What exactly did you try?

Note that I gave two suggestions in my previous message. Since this error doesn't look familiar to me I'll have to ask to be a little more specific.


----------



## beamar (Oct 1, 2013)

ShelLuser said:
			
		

> What exactly did you try?
> 
> Note that I gave two suggestions in my previous message. Since this error doesn't look familiar to me I'll have to ask to be a little more specific.




`lynx [url=https://google.com]https://google.com[/url]`


The error I posted earlier is from the above command.


Pretty sure it has something to do with my SSL certificates. I didn't want to waste a ton of time on it, so I just threw it on a Windows IIS server and it worked out of the box. :\

Thanks for your help,
Brian


----------



## ShelLuser (Oct 2, 2013)

Either SSL certificates or the browser itself (when using HTTPS lynx uses OpenSSL for support. If it can't find any root certificates then this can happen).

Even so; the fact that it gives you this warning shows us that this isn't a firewall or routing issue of some sort; lynx was able to utilize port 443 (HTTPS).

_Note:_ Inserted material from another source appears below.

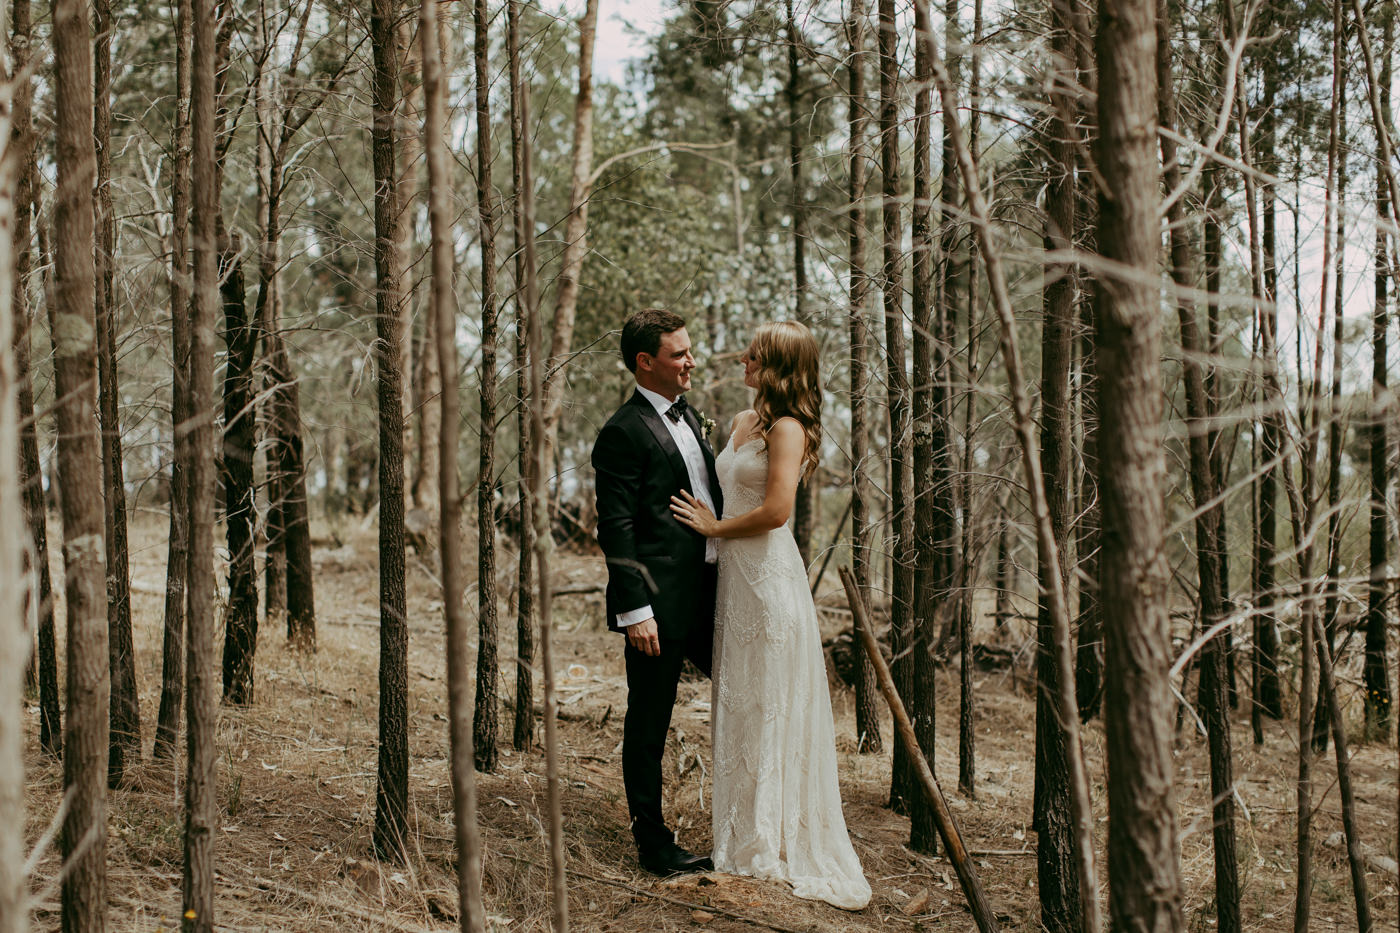 Anthony & Eliet - Wagga Wagga Wedding - Country NSW - Samantha Heather Photography-67.jpg
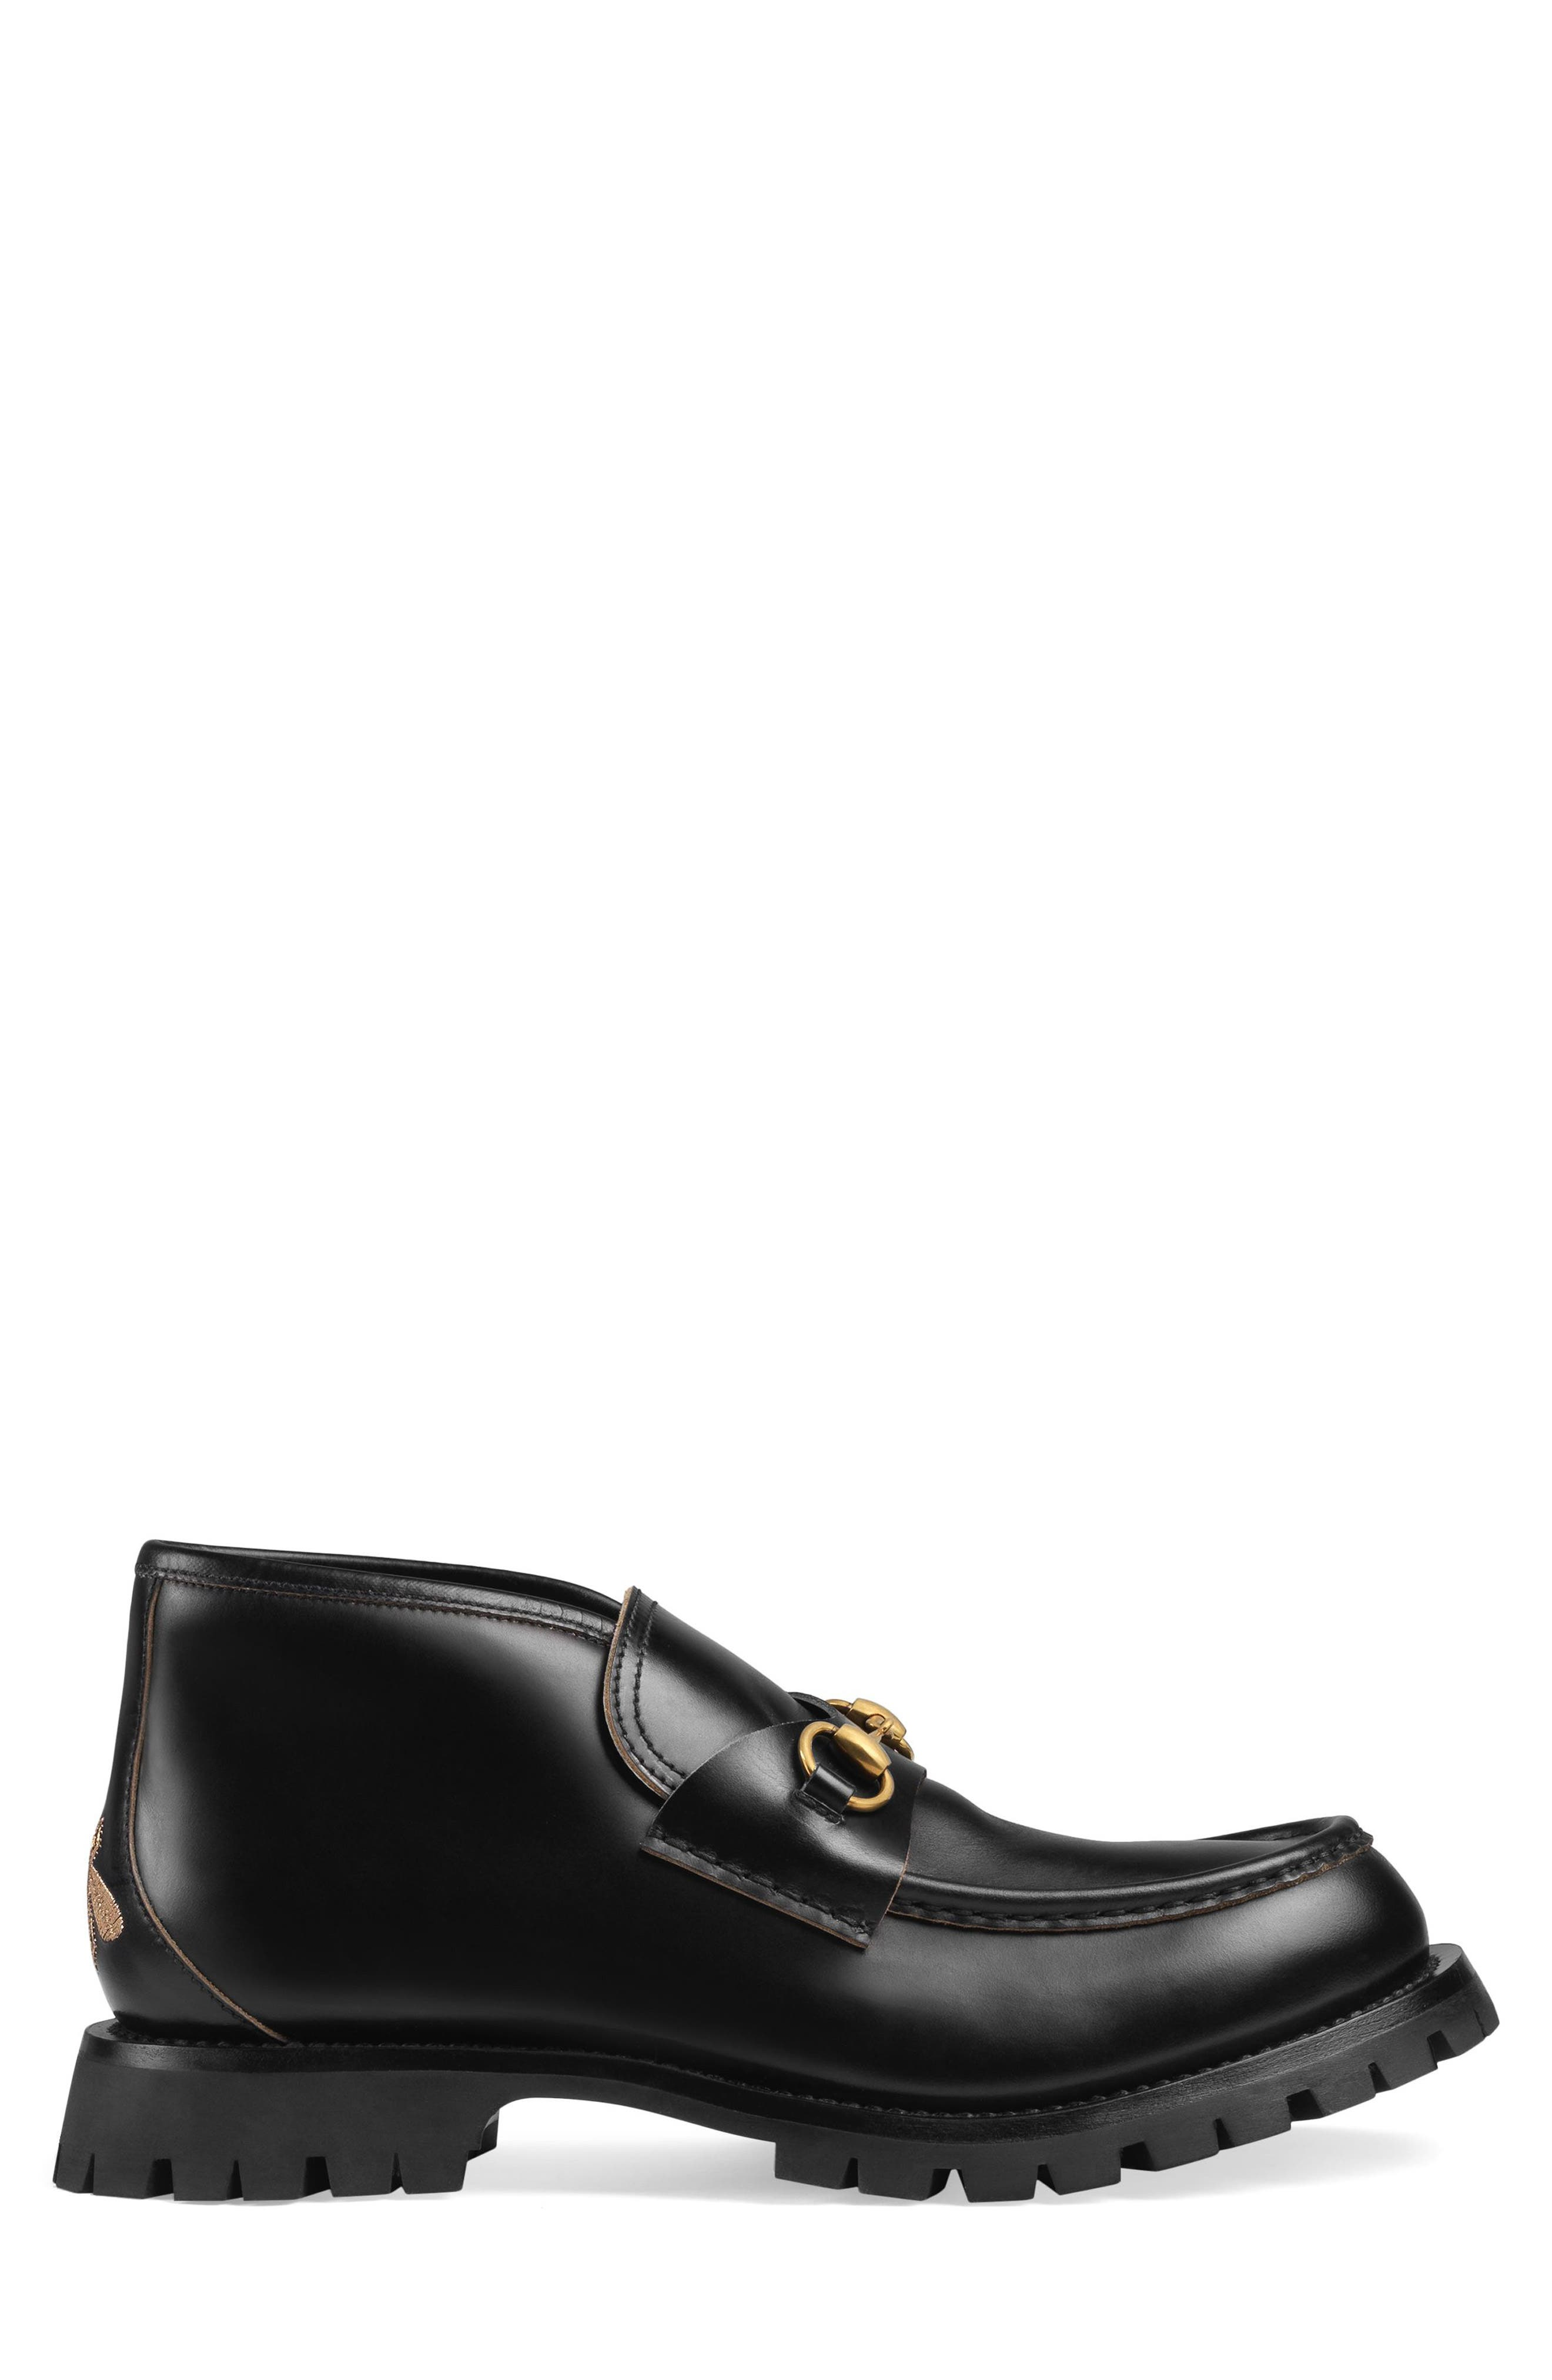 5a7e1a0fcca Men s Gucci Chukka Boots

My guess at this time: your system doesn't have security/ca_root_nss installed. This is a collection of the CA root certificates which are also used in the Mozilla NSS library. And those root certificates will be required by any software which tries to set up an encrypted (HTTPS) connection.

Hope this can help.


----------



## cuq (Oct 4, 2013)

May be you have not installed the OpenSSL extension in lang/php53-extensions.


----------